During the second half of 2001, a number of operators filed complaints against TeliaSonera with the Swedish Competition Authority and the Authority initiated an investigation regarding TeliaSonera’s pricing of ADSL services. The complaints suggest that the difference between TeliaSonera’s wholesale prices and retail prices is too low to effectively enable competition in the retail market. In December 2004, the Competition Authority sued TeliaSonera at the Stockholm District Court claiming that TeliaSonera had abused its dominant position. The Authority demands a fine of SEK 144 million. In December 2011, the Stockholm District Court decided in accordance with the Competition Authority’s demands. After TeliaSonera’s appeal, the Market court decided in April 2013, to change the district court’s ruling and ordered TeliaSonera to pay a fine of SEK 35 million. Following the Competition Authority’s lawsuit, Tele2 has in April 2005, and Spray Network in June 2006, respectively, claimed substantial damages from TeliaSonera due to the alleged abuse of dominant market position. TeliaSonera has vigorously contested Tele2’s and Spray Network’s claims. The actions for damages are on-going.
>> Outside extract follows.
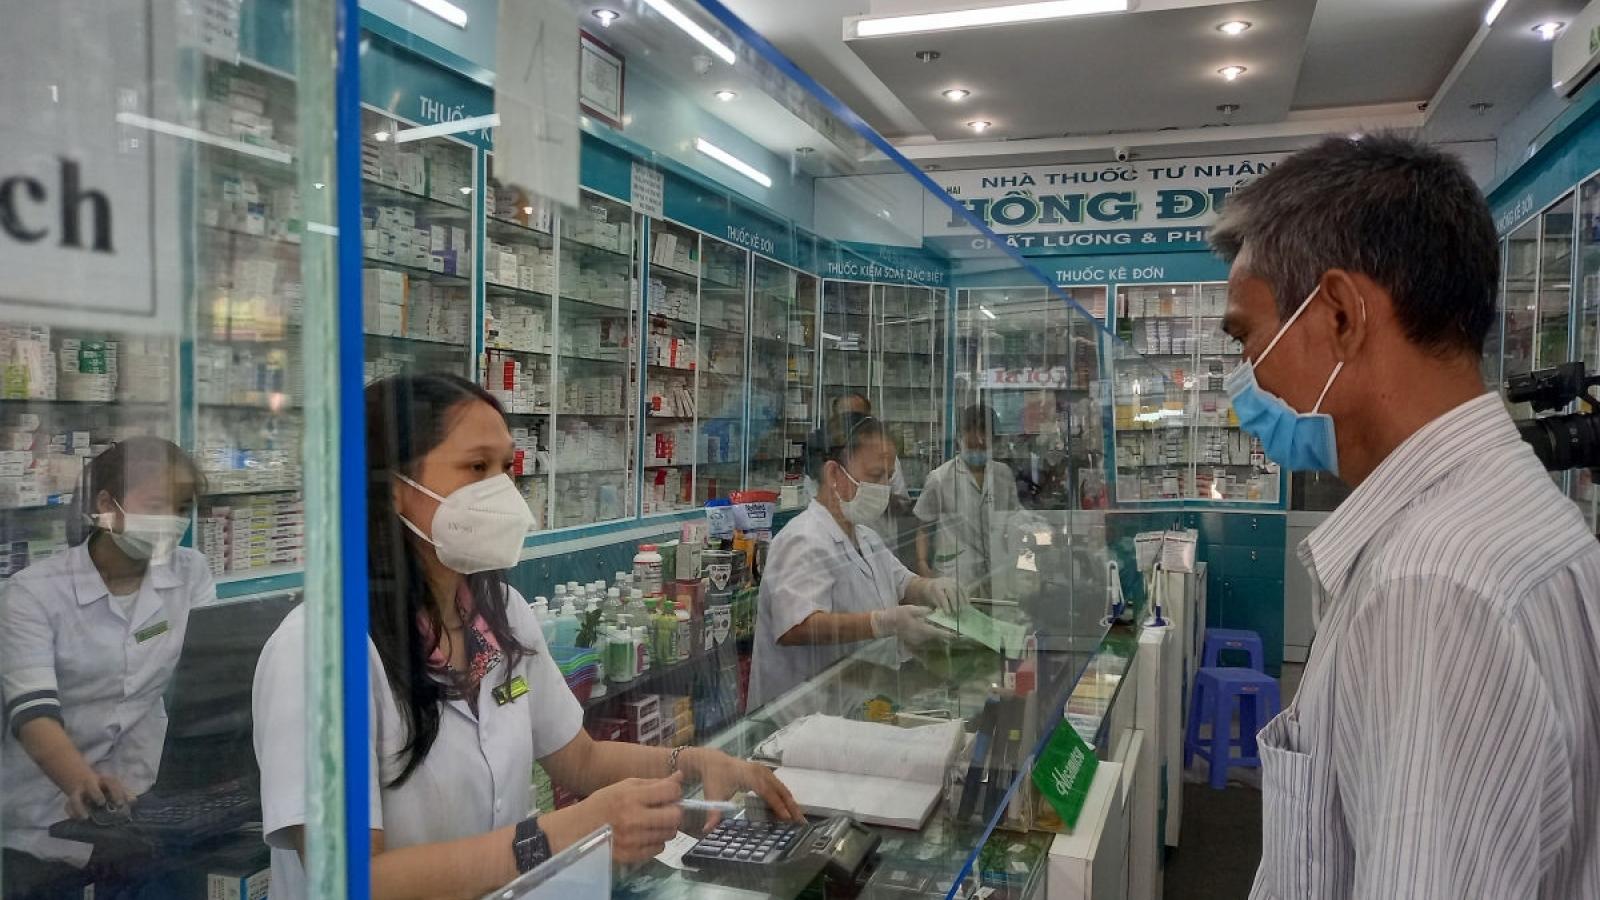 Bộ Y tế yêu cầu khám sàng lọc kỹ người có dấu hiệu ho, sốt, cảm cúm...

TeliaSonera is currently involved in court cases with Primav Construcoes e Comercio, former shareholder of the Brazilian mobile operator Tess, relating to such shareholder’s disposal of its investment in Tess as well as certain call options and subscription rights in Tess. Whilst TeliaSonera has sold its holding in Tess, it has entered into certain guarantees to compensate the buyer for certain losses in connection with the above-mentioned court cases. TeliaSonera has vigorously contested all claims in connection with the disputes. On September 13, 2013, the court of first instance in Sao Paolo-SP, decided to dismiss all the pleadings made in the law suit and related proceedings, terminating the case. On October 4, 2013, Primav filed an appeal to the State Appellate Court against this decision.

In 2005, TeliaSonera and Çukurova signed an agreement regarding TeliaSonera’s purchase of shares in Turkcell Holding A.S. from Çukurova. As Çukurova subsequently did not honor the agreement, TeliaSonera brought legal action. On September 1, 2011, an International Chamber of Commerce (ICC) Arbitral Tribunal awarded TeliaSonera USD 932 million in damages, plus interest and costs, for Çukurova’s failure to deliver the Turkcell Holding shares as required under the share purchase agreement. Due to the refusal of Çukurova to honor the ICC award, TeliaSonera has initiated a number of legal actions in multiple jurisdictions to pursue collection of the award. In parallel, Çukurova has initiated legal actions against TeliaSonera with the aim to revert the ICC award or to refute its enforceability, some of which proceedings are yet to be finalized. However, TeliaSonera continues to vigorously pursue collection of the ICC award. TeliaSonera has not recorded any award amount receivable in the financial statements. Following an agreement with Alfa Telecom (now LetterOne) signed in November 2009, LetterOne is under certain circumstances entitled to receive part of the damages amount set out in the ICC award, if such funds will be successfully collected.